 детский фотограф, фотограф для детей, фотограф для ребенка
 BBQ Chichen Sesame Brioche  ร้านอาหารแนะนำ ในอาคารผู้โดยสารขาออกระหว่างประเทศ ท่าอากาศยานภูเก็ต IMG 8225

...

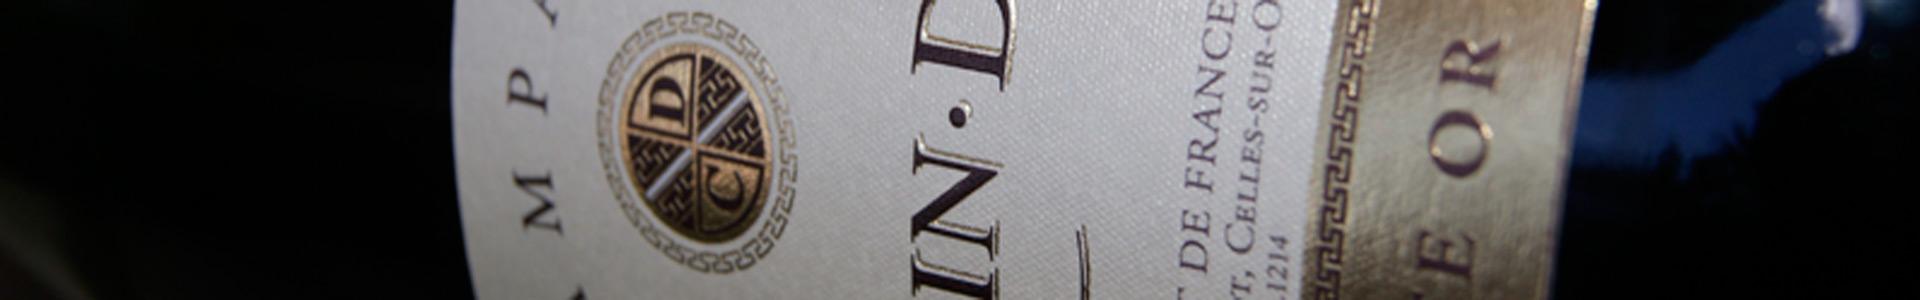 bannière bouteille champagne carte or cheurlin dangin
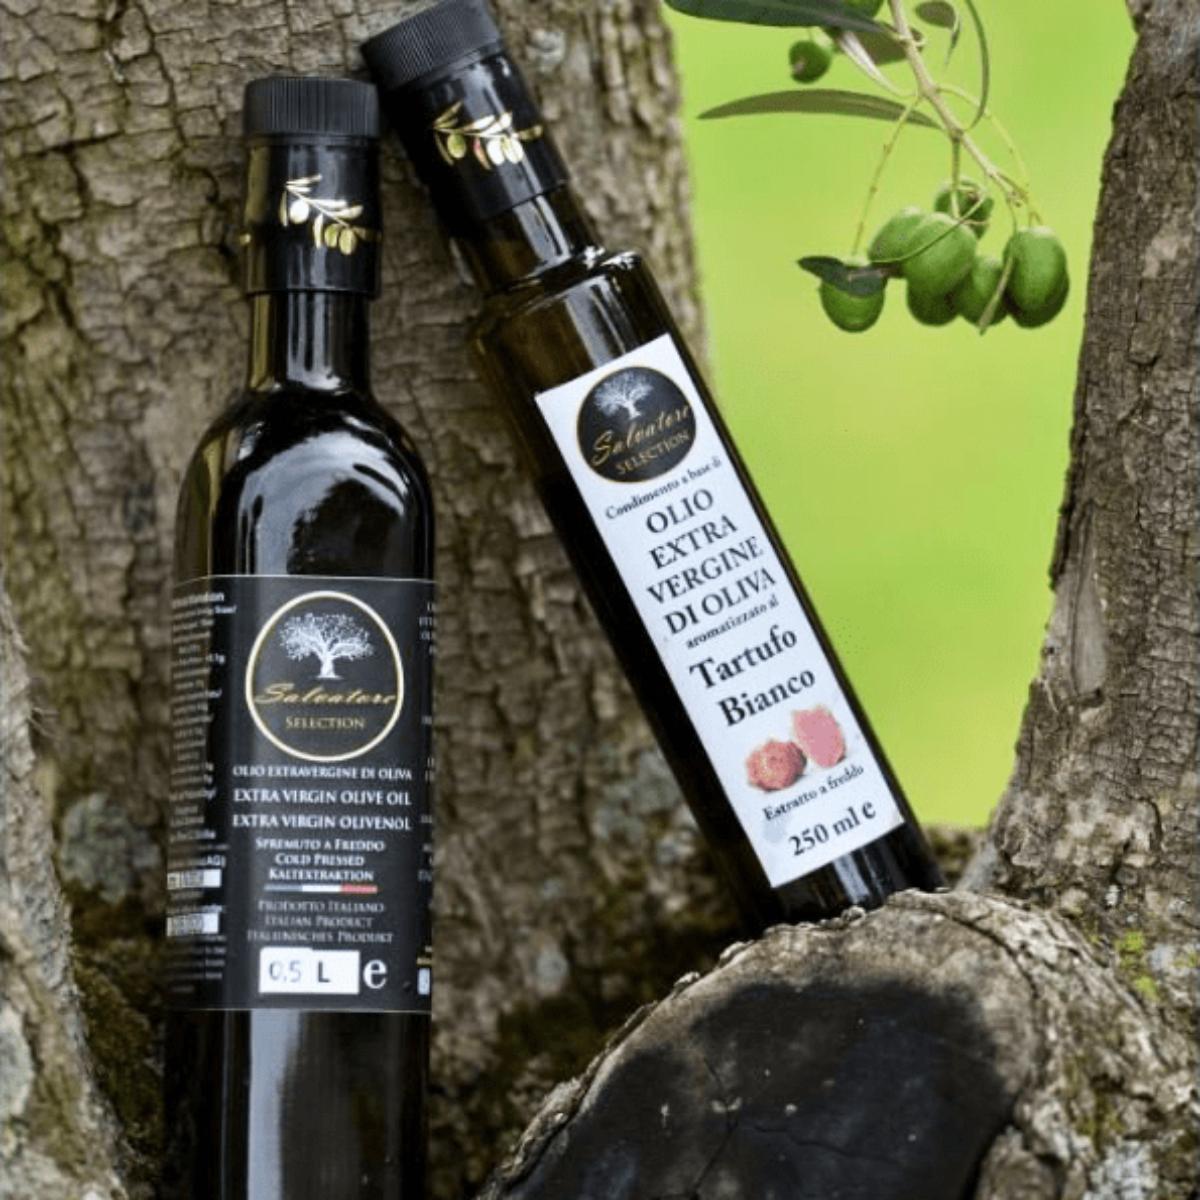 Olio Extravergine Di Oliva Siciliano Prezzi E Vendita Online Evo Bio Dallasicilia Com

### ABOUT THIS EXERCISE
Reproduce exactly, with no pictures, the lines above from the one holding "bannière bouteille champagne" to the one holding "Olio Extravergine Di", inclusive.

### TASK RESPONSE
 bannière bouteille champagne carte or cheurlin dangin
 Olio Extravergine Di Oliva Siciliano Prezzi E Vendita Online Evo Bio Dallasicilia Com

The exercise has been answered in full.